Parabens are preservative chemicals used in antiperspirants and other cosmetics. Previous studies have shown that all – not just some – parabens have estrogenic activity in human breast cancer cells. While the study cited here draws no links between antiperspirants and breast cancer, it does draw a clear link between parabens and breast cancer – and most antiperspirants and deodorants which are used daily by women contain parabens.
Bacteria-Containing Lotions: A New Possibility?
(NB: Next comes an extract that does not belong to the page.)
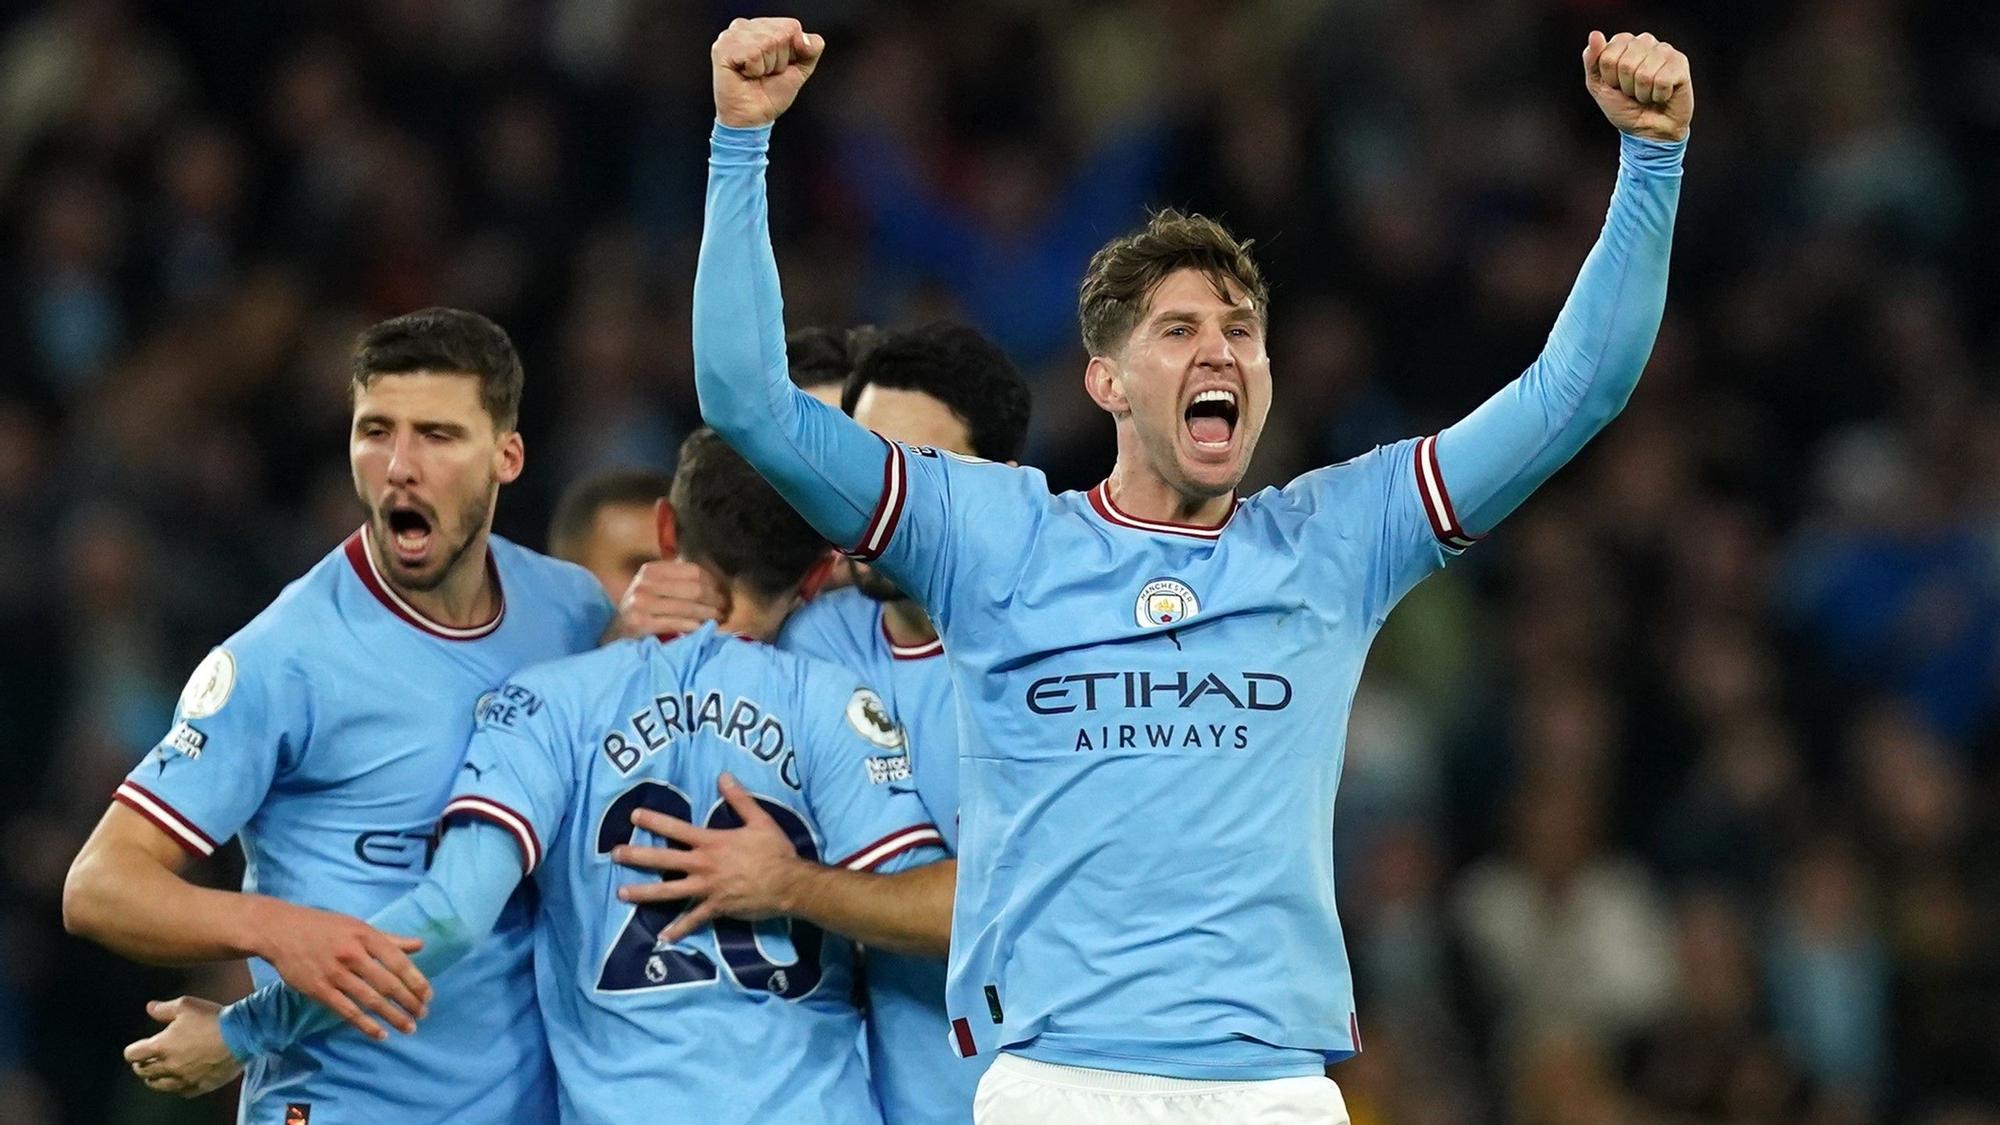 26 April 2023, United Kingdom, Manchester: Manchester City's John Stones celebrates scoring his side's second goal during the English Premier League match between Manchester City and Arsenal at the Etihad Stadium. Photo: Martin Rickett/PA Wire/dpa

Living bacterial skin tonics are the latest trend in eliminating body odour, as recently covered by New York Times writer Julia Scott, who agreed to mist her face, scalp and body with the bacteria twice a day for a month. The working theory is that adding bacteria, rather than eradicating it, might produce better results in terms of dealing with body odour – a theory that seems rational, knowing what we know about the gut microbiome and how the bacterial balance in your armpits affects your body odour.
While Scott ultimately returned to using more traditional hygiene products, cosmetics companies have been taking note of these cutting-edge techniques in personal hygiene. Several bacterial treatments have been patented, and there are countless potential uses in the medical field. For example, scientists have been pondering the possibilities of treating skin disorders like eczema with appropriate skin bacteria.
Bottom Line: Should You Be Using Antiperspirants?
Many medical professionals ultimately recommend that their patients eschew antiperspirants in favour of washing regularly with soap and sticking to a clean diet, with minimal sugar and plenty of fermented vegetables in order to clear up body odour.
For stubborn grease and grime caused by physical labour, a pinch of baking soda mixed into water can be an effective all-day deodorant. UV light can also “sterilize” the area, eliminating body odour not only from your body but from clothes as well.
Science has clearly shown that your body’s microbiome plays a major role in your health – warding of skin diseases, etc – as well as in dramatically altering things like body odour. Ultimately, it’s best to work with your biome rather than against it with products like antiperspirants. Doing so can help you avoid harmful chemical toxins that have many documented health risks, and promote not only a better overall body odour, but overall health as well.